Class ScriptAwareFeatureExtractor

java.lang.Object
org.apache.tika.langdetect.charsoup.ScriptAwareFeatureExtractor
All Implemented Interfaces:
FeatureExtractor

public class ScriptAwareFeatureExtractor extends Object implements FeatureExtractor
Production feature extractor for the CharSoup language detection model.

Hardcoded to the winning configuration established during the 2026-02 ablation study (flat-16k+tri+suf+pre, 220 languages):

  • Character bigrams with word-boundary sentinels (non-CJK)
  • Character trigrams including boundary trigrams
  • 3-char word suffixes
  • 3-char word prefixes
  • Whole-word unigrams (2–30 codepoints, non-CJK)
  • CJK/kana character unigrams
All features share a single flat hash space.
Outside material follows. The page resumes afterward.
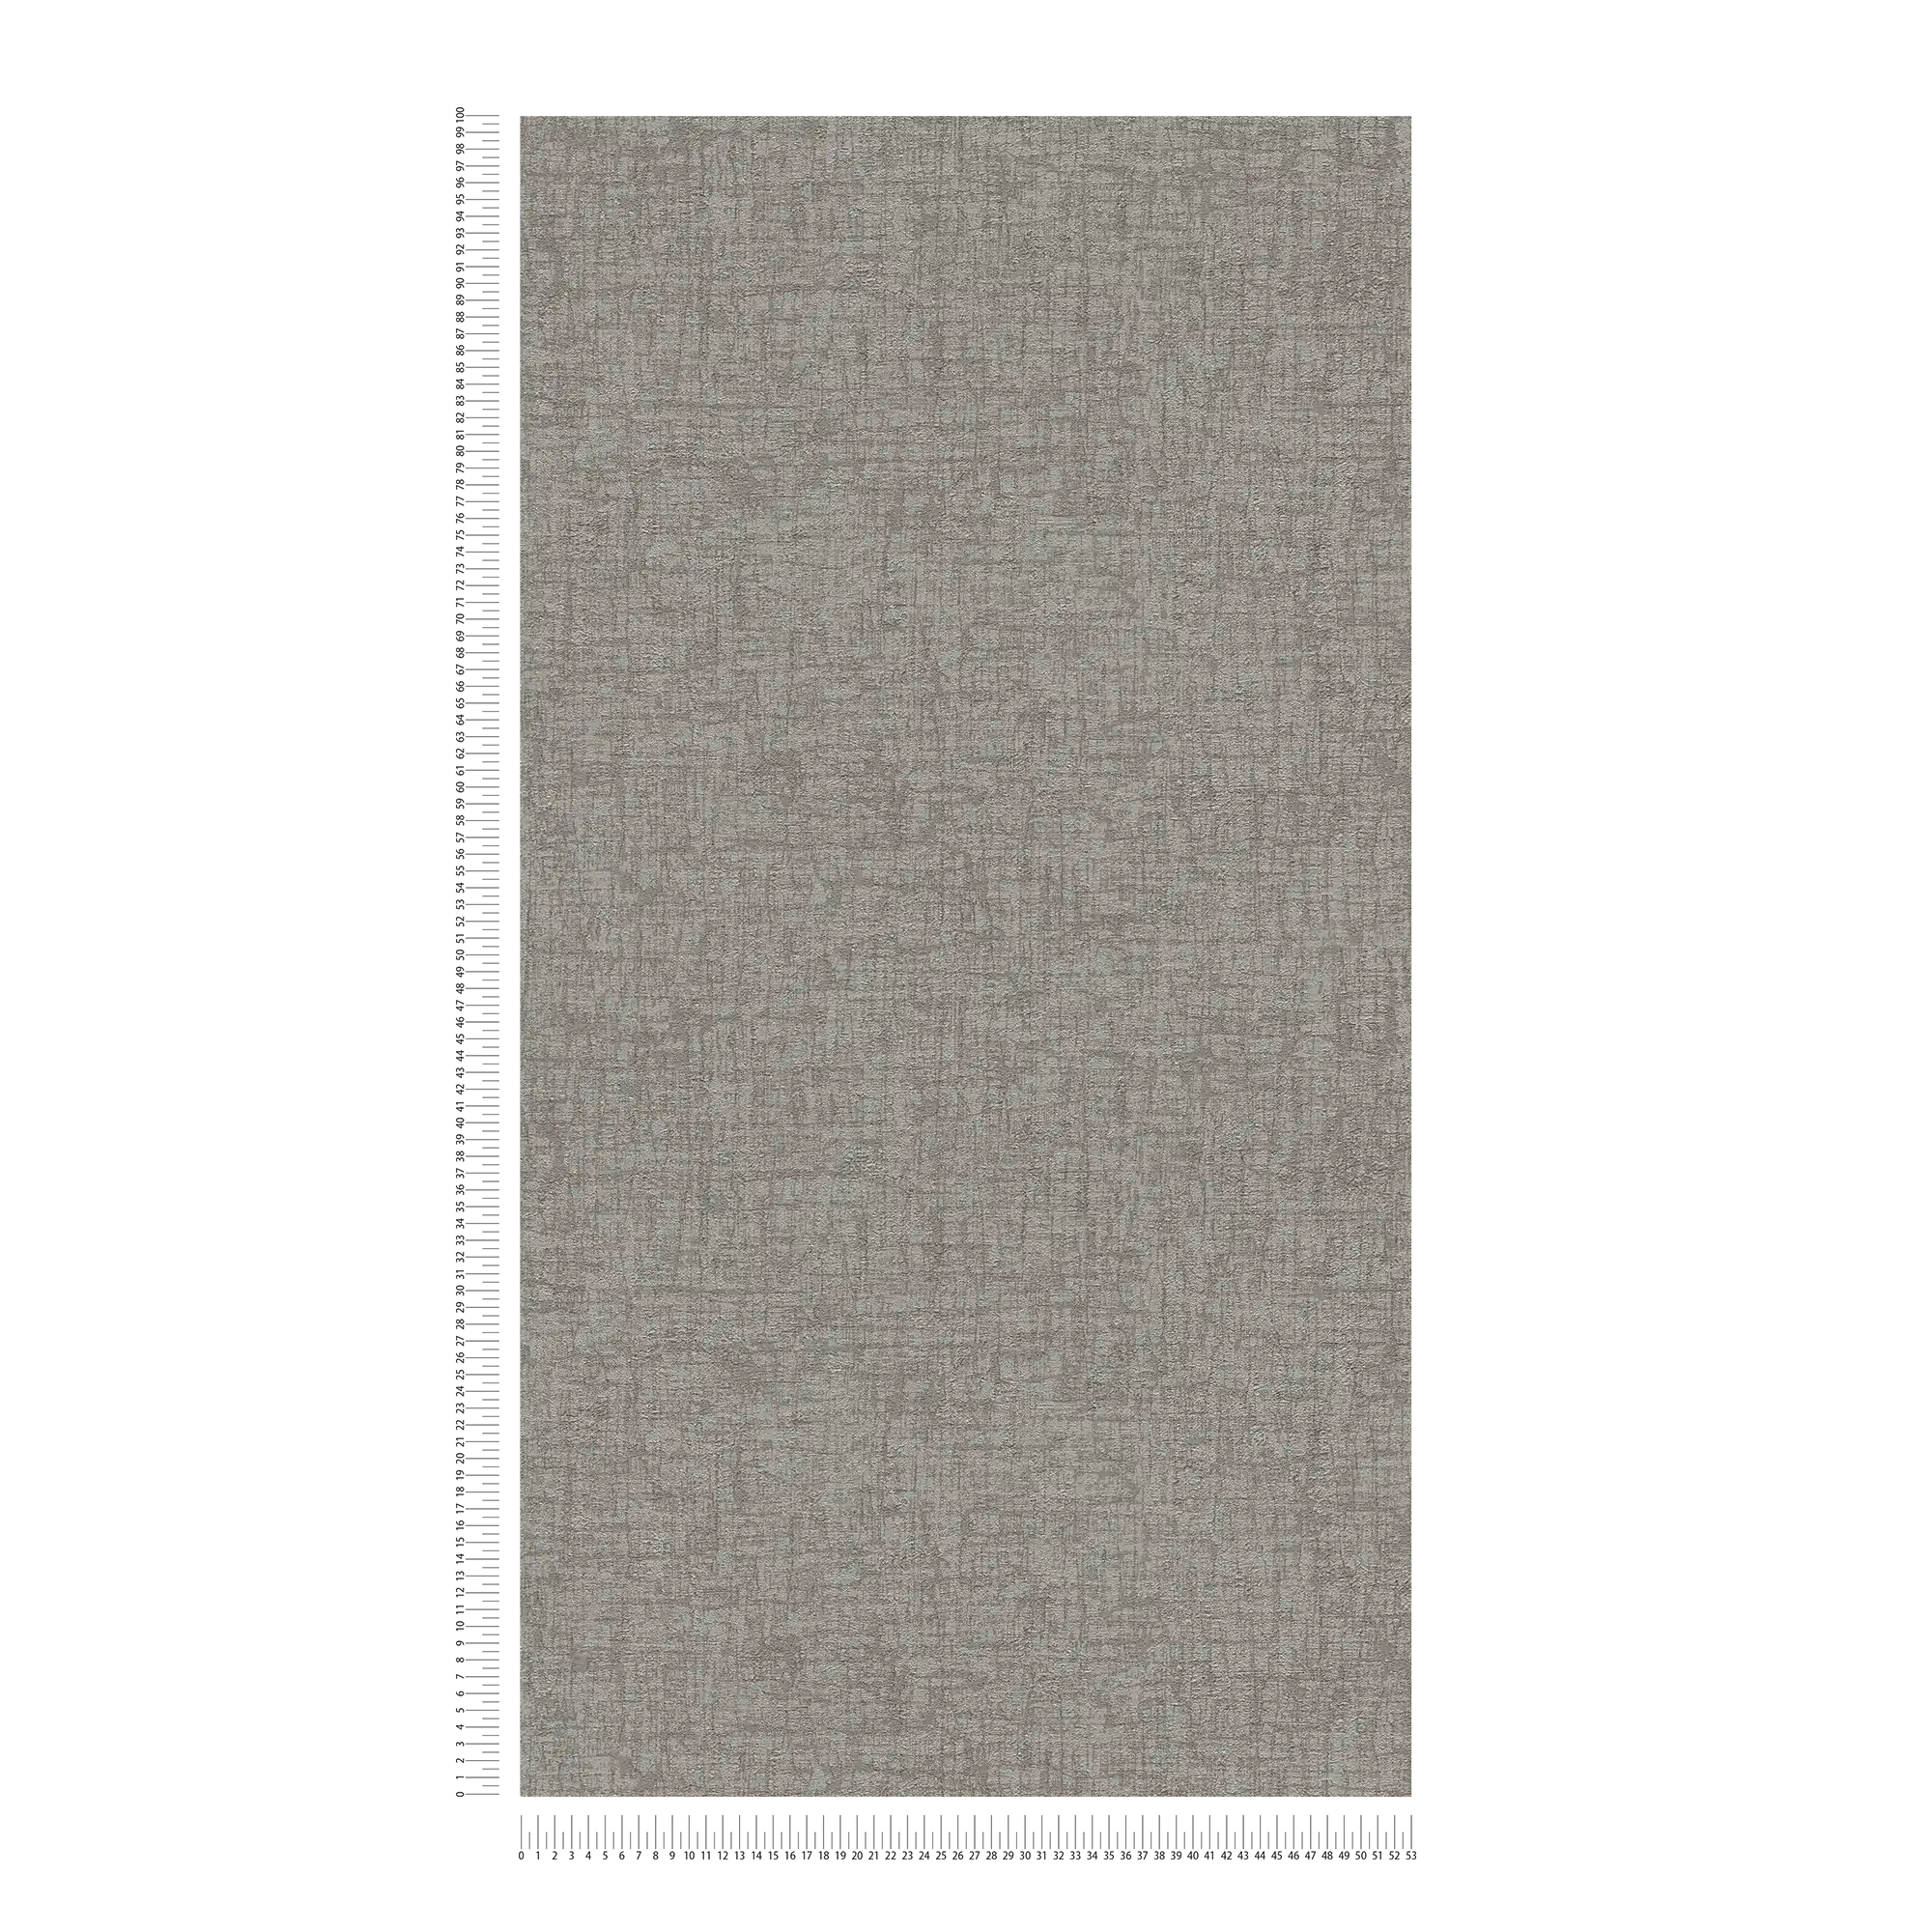             papier peint en papier intissé avec structure aspect textile - gris, gris foncé

For the fully-parameterized version used during ablation experiments, see ResearchFeatureExtractor in the test module.

  • Field Details

    • FEATURE_FLAGS

      public static final int FEATURE_FLAGS
      Bitmask of CharSoupModel.FLAG_* constants that exactly describes the features this extractor emits. Used by CharSoupModel.getFeatureFlags() so that the model file always reflects the real inference-time feature set.
      See Also:
    • FEATURE_FLAGS_LEGACY

      public static final int FEATURE_FLAGS_LEGACY
      Flags used by models trained before script block features were added.
      See Also:
    • SCRIPT_BASIS

      public static final int SCRIPT_BASIS
      See Also:
    • SCRIPT_TRANS_BASIS

      public static final int SCRIPT_TRANS_BASIS
      See Also:
  • Constructor Details

    • ScriptAwareFeatureExtractor

      public ScriptAwareFeatureExtractor(int numBuckets)
    • ScriptAwareFeatureExtractor

      public ScriptAwareFeatureExtractor(int numBuckets, boolean useScriptBlocks)
  • Method Details

    • extract

      public int[] extract(String rawText)
      Description copied from interface: FeatureExtractor
      Full preprocessing + feature extraction pipeline.
      Specified by:
      extract in interface FeatureExtractor
      Parameters:
      rawText - raw input text (may be null)
      Returns:
      int array of size FeatureExtractor.getNumBuckets() with feature counts
    • extract

      public void extract(String rawText, int[] counts)
      Description copied from interface: FeatureExtractor
      Extract into caller-supplied buffer (zeroed first).
      Specified by:
      extract in interface FeatureExtractor
      Parameters:
      rawText - raw input text (may be null)
      counts - pre-allocated int array of size FeatureExtractor.getNumBuckets() (will be zeroed)
    • extractFromPreprocessed

      public int[] extractFromPreprocessed(String text)
      Description copied from interface: FeatureExtractor
      Extract from already-preprocessed text.
      Specified by:
      extractFromPreprocessed in interface FeatureExtractor
      Parameters:
      text - text already passed through CharSoupFeatureExtractor.preprocess(String)
      Returns:
      int array of size FeatureExtractor.getNumBuckets() with feature counts
    • extractFromPreprocessed

      public void extractFromPreprocessed(String text, int[] counts, boolean clear)
      Description copied from interface: FeatureExtractor
      Extract from already-preprocessed text into a caller-supplied buffer.
      Specified by:
      extractFromPreprocessed in interface FeatureExtractor
      Parameters:
      text - text already passed through CharSoupFeatureExtractor.preprocess(String)
      counts - pre-allocated int array of size FeatureExtractor.getNumBuckets()
      clear - if true, zero the array before extracting; if false, accumulate on top of existing counts
    • extractAndCount

      public int extractAndCount(String rawText, int[] counts)
      Description copied from interface: FeatureExtractor
      Extract features into counts and return the total n-gram emission count.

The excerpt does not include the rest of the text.